Keras不适用于3个或更多的尺寸。 InvalidArgumentError

我想创建一个采用形状矩阵(64,4)来预测形状数组(4)的模型。但是由于某种原因它不起作用。例如,下面的代码:

import numpy as np
from tensorflow.keras import models, layers, optimizers

x = np.random.uniform(size=600*64*4).reshape(600, 64, 4)
y = np.random.uniform(size=600*4).reshape(600, 4)

model = models.Sequential([
    layers.Dense(16, activation='relu', input_shape=[64, 4]),
    layers.Dense(16, activation='relu'),
    layers.Dense(4)
])
model.compile(loss='mean_absolute_error',
              optimizer=optimizers.SGD(lr=1e-3, momentum=0.9),
              metrics=["mae"])

model.fit(x, y, epochs=5)

And this script ends with InvalidArgumentError: Incompatible shapes: [32,64,4] vs. [32,4]
But the code below:

import numpy as np
from tensorflow.keras import models, layers, optimizers

x = np.random.uniform(size=600*4).reshape(600, 4)
y = np.random.uniform(size=600*4).reshape(600, 4)

model = models.Sequential([
    layers.Dense(16, activation='relu', input_shape=[4]),
    layers.Dense(16, activation='relu'),
    layers.Dense(4)
])
model.compile(loss='mean_absolute_error',
              optimizer=optimizers.SGD(lr=1e-3, momentum=0.9),
              metrics=["mae"])
model.fit(x, y, epochs=5)

...效果很好。在我看来,这种行为存在逻辑上的错误。也许我听不懂。

请帮忙。

评论
  • 大四喜
    大四喜 回复

    以下作品,

    from tensorflow.keras.layers import *
    from tensorflow.keras.models import Model, Sequential
    import tensorflow as tf
    import numpy as np
    
    x = np.random.uniform(size=600*64*4).reshape(600, 64, 4)
    y = np.random.uniform(size=600*4).reshape(600, 4)
    
    ip = Input(shape=(64,4))
    d1 = Dense(16, activation='relu')(ip)
    f = Flatten()(d1)
    d2 = Dense(16, activation='relu')(f)
    d3 = Dense(4)(d2)
    
    model = Model(ip, d3)
    
    model.compile(loss='mse', metrics='mae', optimizer='adam')
    model.summary()
    
    model.fit(x,y,epochs=1, batch_size = 64)
    

    You're using Dense in a wrong manner, FC layers except for single-dimensional data mostly also you need to flatten in some layer so your last output is consistent with y.

    Model: "model_2"
    _________________________________________________________________
    Layer (type)                 Output Shape              Param #   
    =================================================================
    input_3 (InputLayer)         [(None, 64, 4)]           0         
    _________________________________________________________________
    dense_6 (Dense)              (None, 64, 16)            80        
    _________________________________________________________________
    flatten (Flatten)            (None, 1024)              0         
    _________________________________________________________________
    dense_7 (Dense)              (None, 16)                16400     
    _________________________________________________________________
    dense_8 (Dense)              (None, 4)                 68        
    =================================================================
    Total params: 16,548
    Trainable params: 16,548
    Non-trainable params: 0
    _________________________________________________________________
    10/10 [==============================] - 0s 3ms/step - loss: 0.1689 - mae: 0.3340
    
    <tensorflow.python.keras.callbacks.History at 0x7f838cd4deb8>
    

    检出Flatten层,确保模型输出为2-d(batch_size,num_class或output_nodes)。
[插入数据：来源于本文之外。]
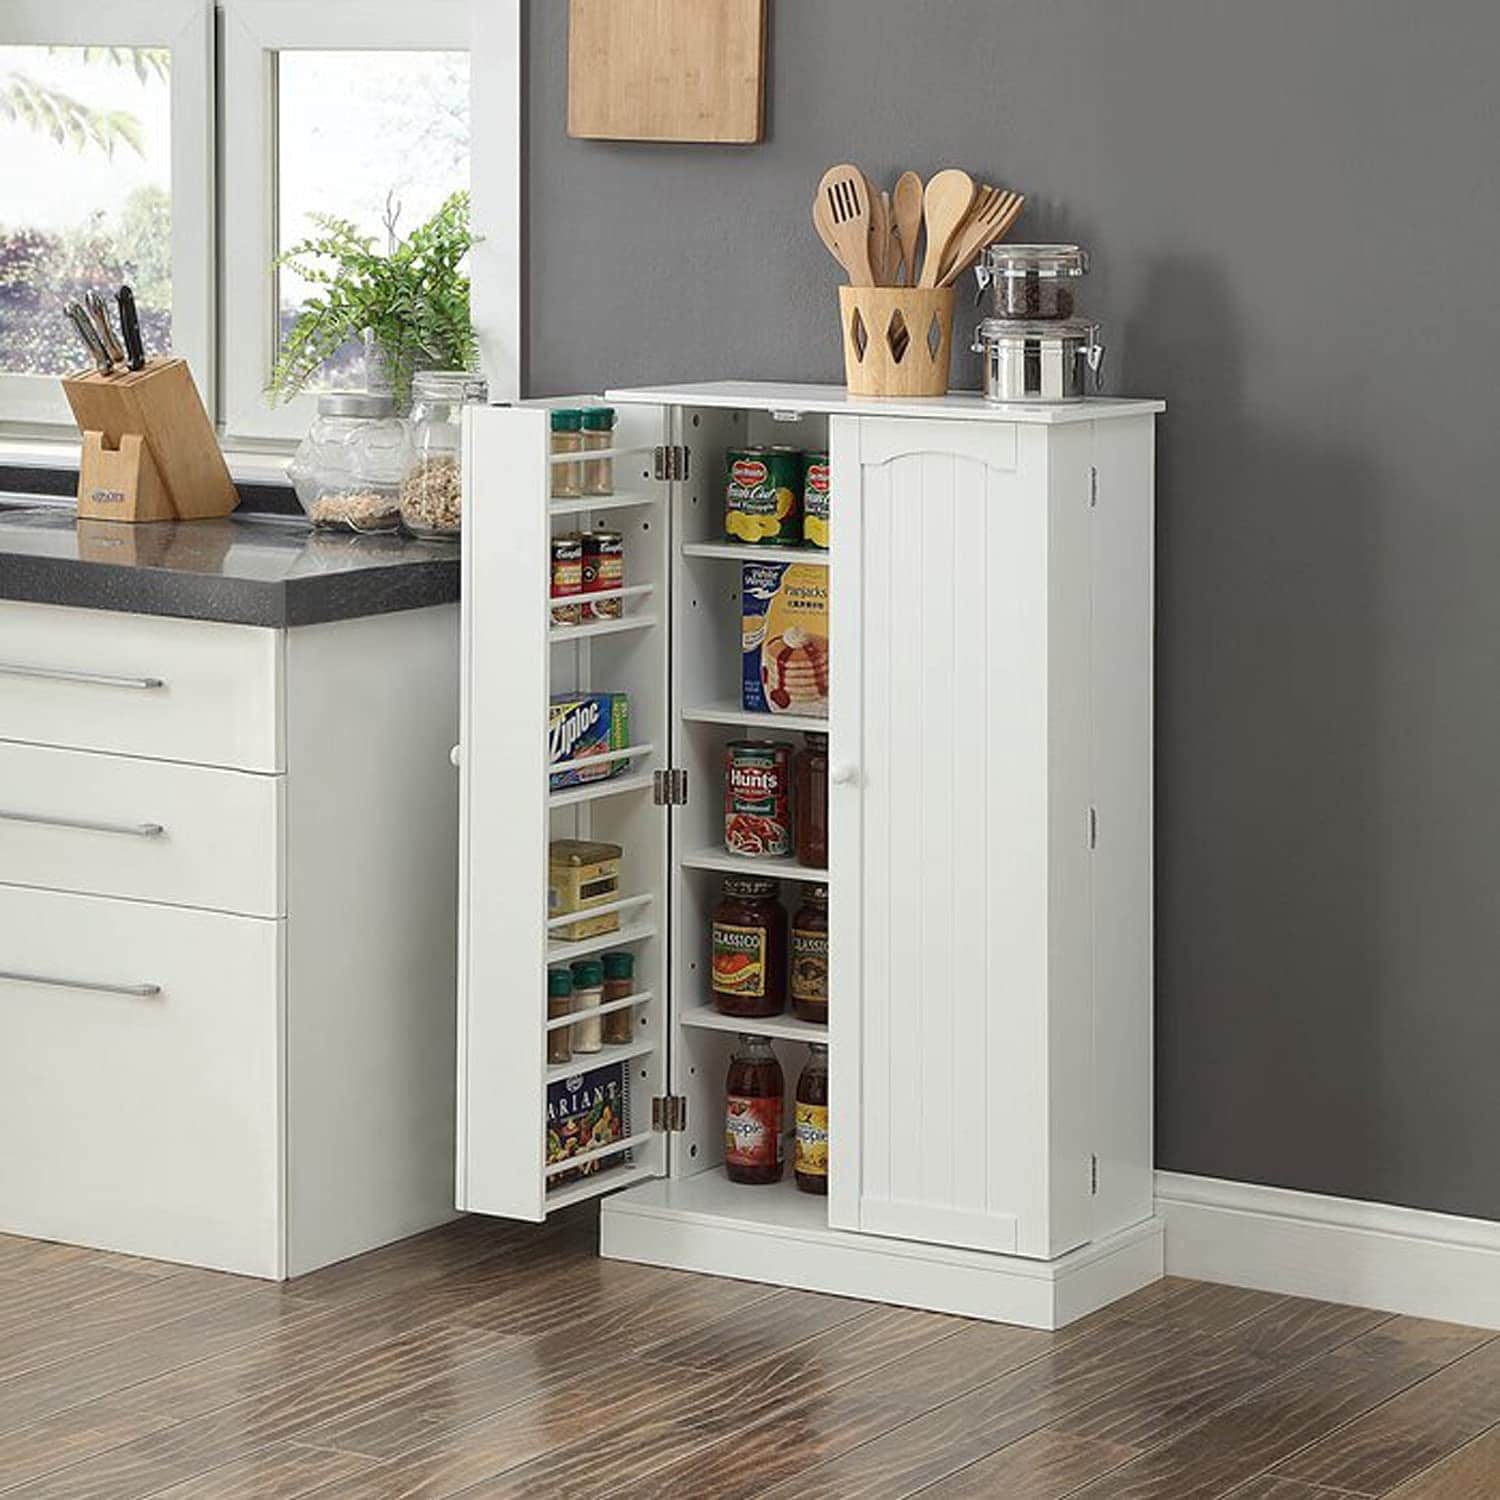 https://ak1.ostkcdn.com/images/products/is/images/direct/d817a9579c1193112a4cd10e501811338c3a88ae/41%22-Kitchen-Pantry%2C-Farmhouse-Pantry-Cabinet%2C-Storage-Cabinet-with-Doors-and-Adjustable-Shelves-41%22-H-x-23.2%22-W-x-12%22-D-%28White%29.jpg
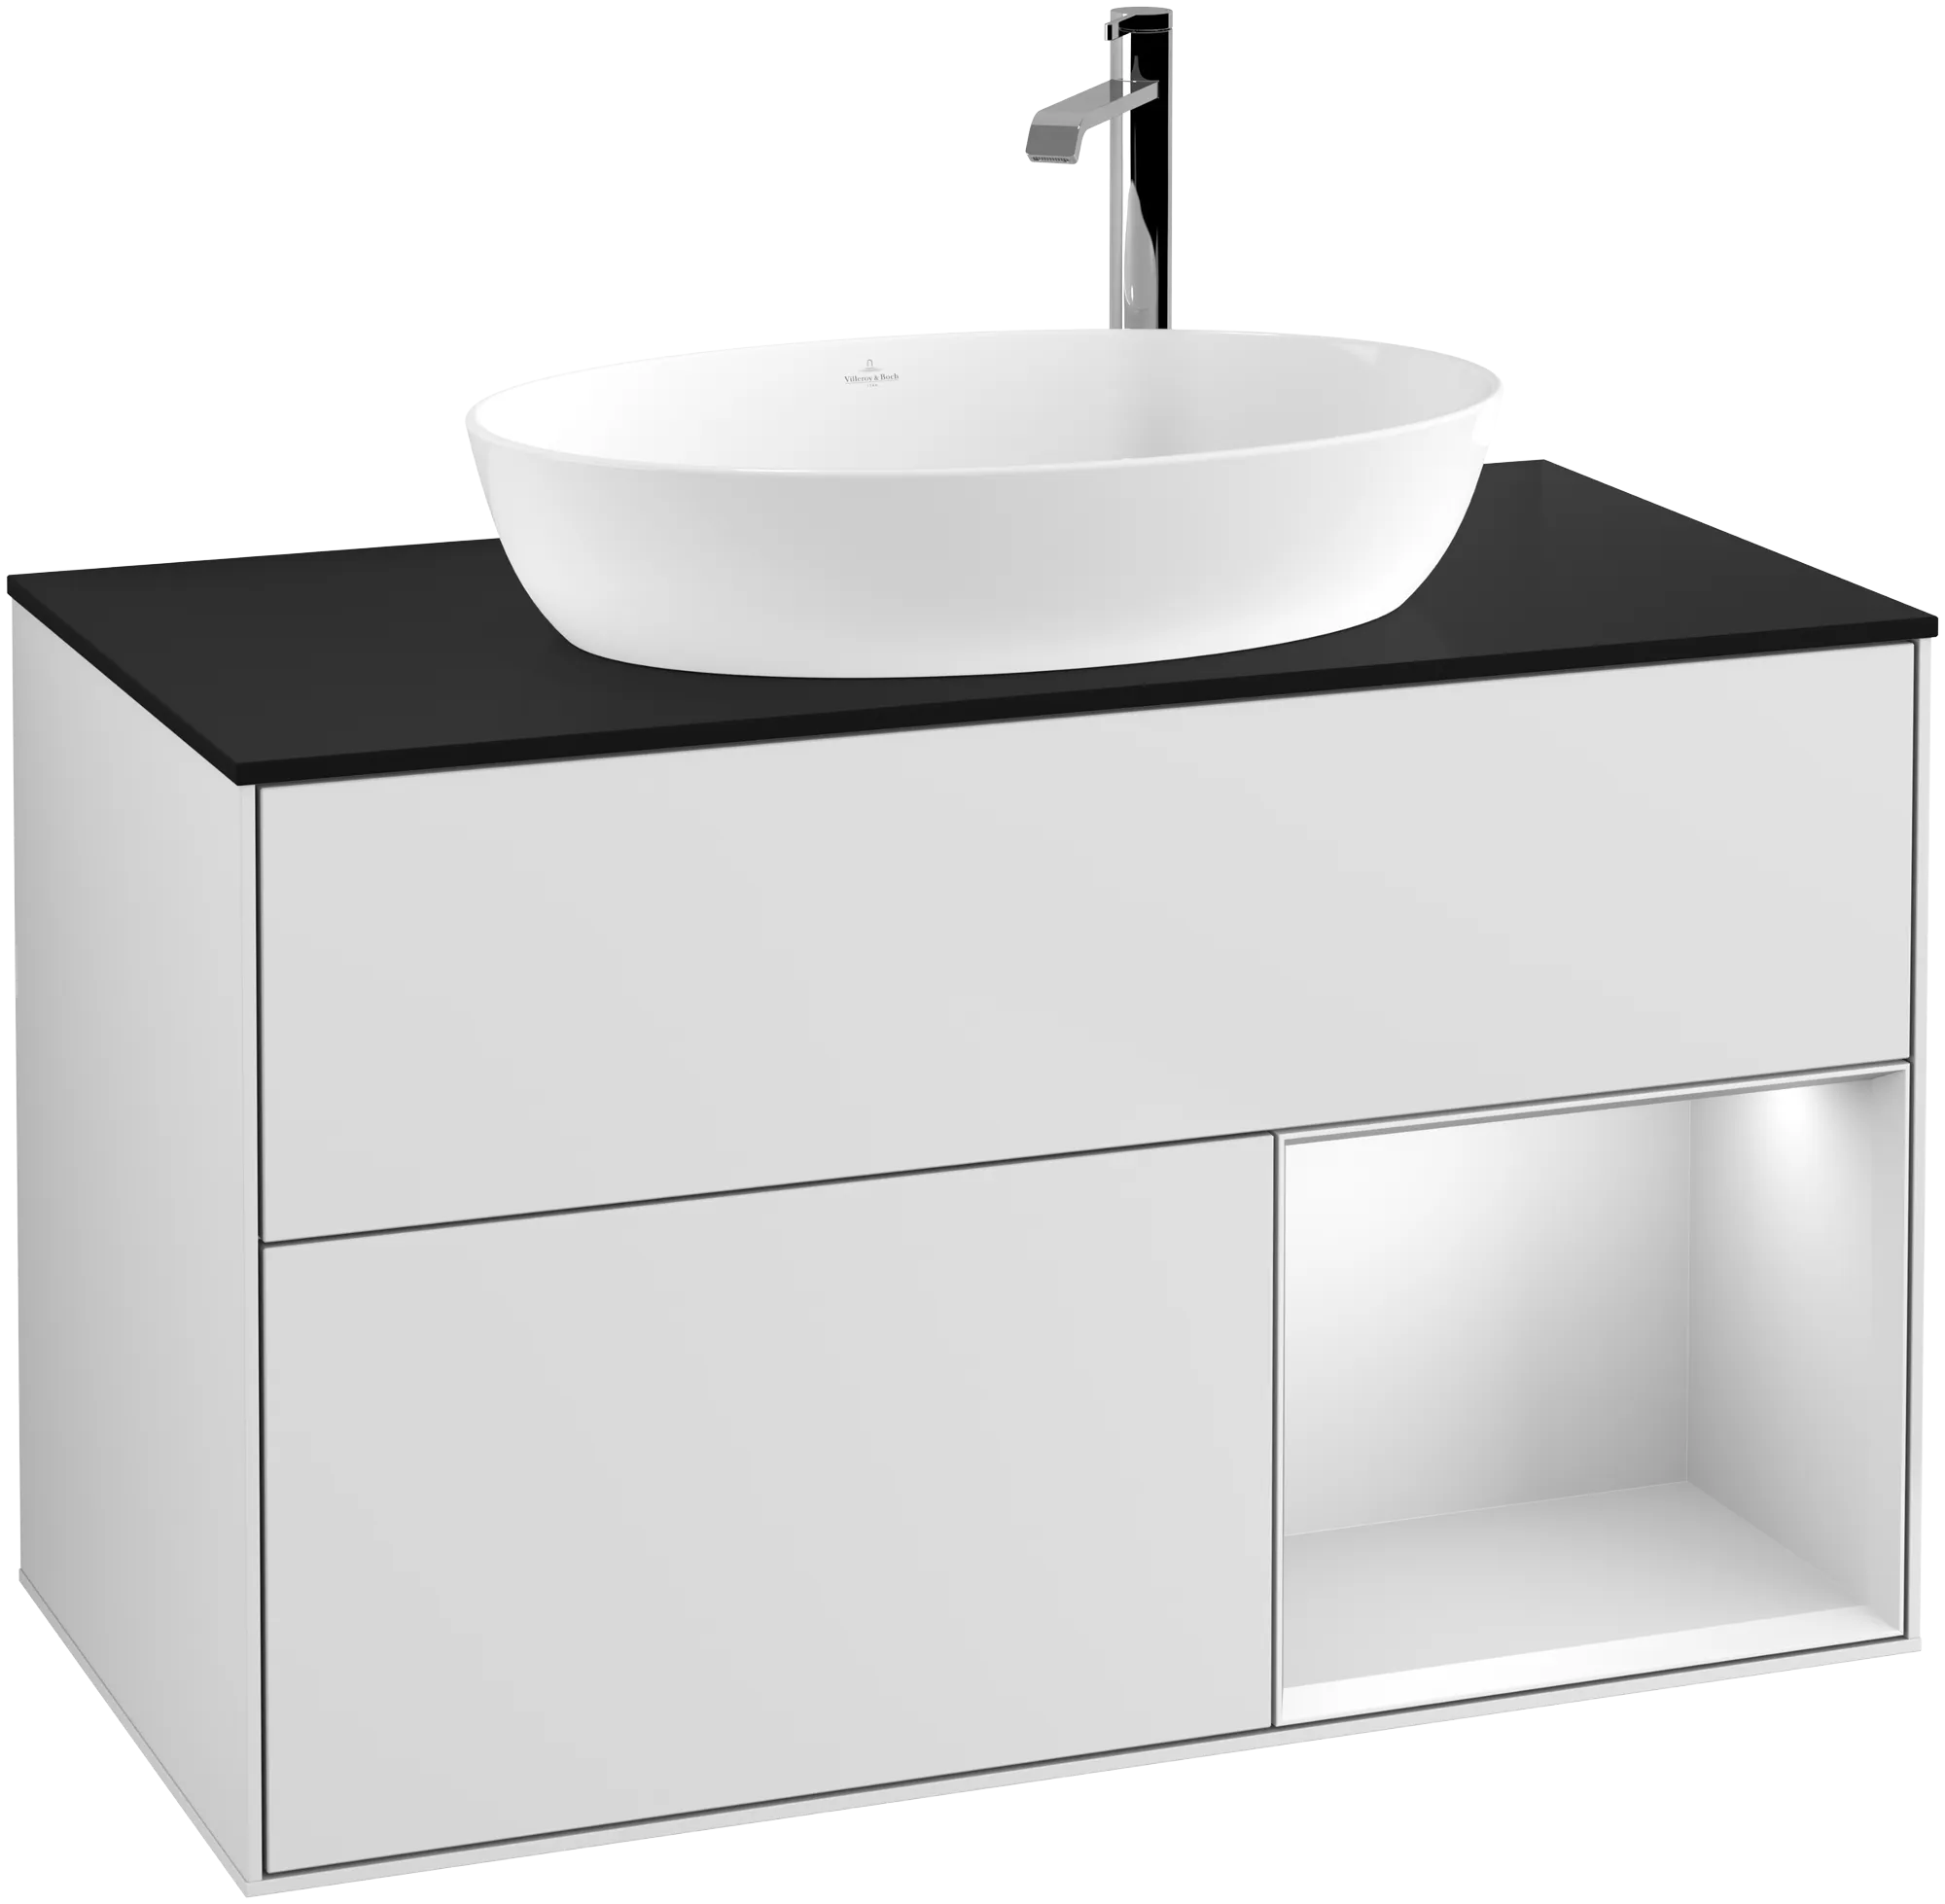 VILLEROY BOCH Finion Vanity unit, with lighting, 2 pull-out compartments, 1000 x 603 x 501 mm, White Matt Lacquer / White Matt Lacquer / Glass Black Matt #G902MTMT resmi

但是您无需展平就可以从模型中获得3维输出,因此您也必须使y 3维。

  • 魂淡
    魂淡 回复

    在第一个示例中,您具有2D功能(64x4)和4个1D输出。由于您的模型是一系列简单的矩阵乘法,因此您无需将2D数据转换为1D。您需要应用诸如RNN或CNN之类的层,以在数据的两个方向上对关系进行建模,然后对其进行整形,或者只是简单地对其进行整形。

    我建议将每个张量的形状标在纸上。您会很快发现,如果要按顺序获得每个点的乘积,则形状是不兼容的。

    EDIT: To make it clearer - run model.summary() before model.fit(). You'll see that the first Dense layer outputs [32, 64, 16] and the same for the second Dense. The last outputs [32, 64, 4] and to find the loss Tensorflow has to compare that tensor to the labels that you are providing. But they are shaped [32, 4]. You can't subtract a 3 by 8 matrix from a 2 by 5 matrix and likewise for tensors of different rank and dimensions (which is what you need to do here - your loss is literally a sum of (absolute value of) subtractions).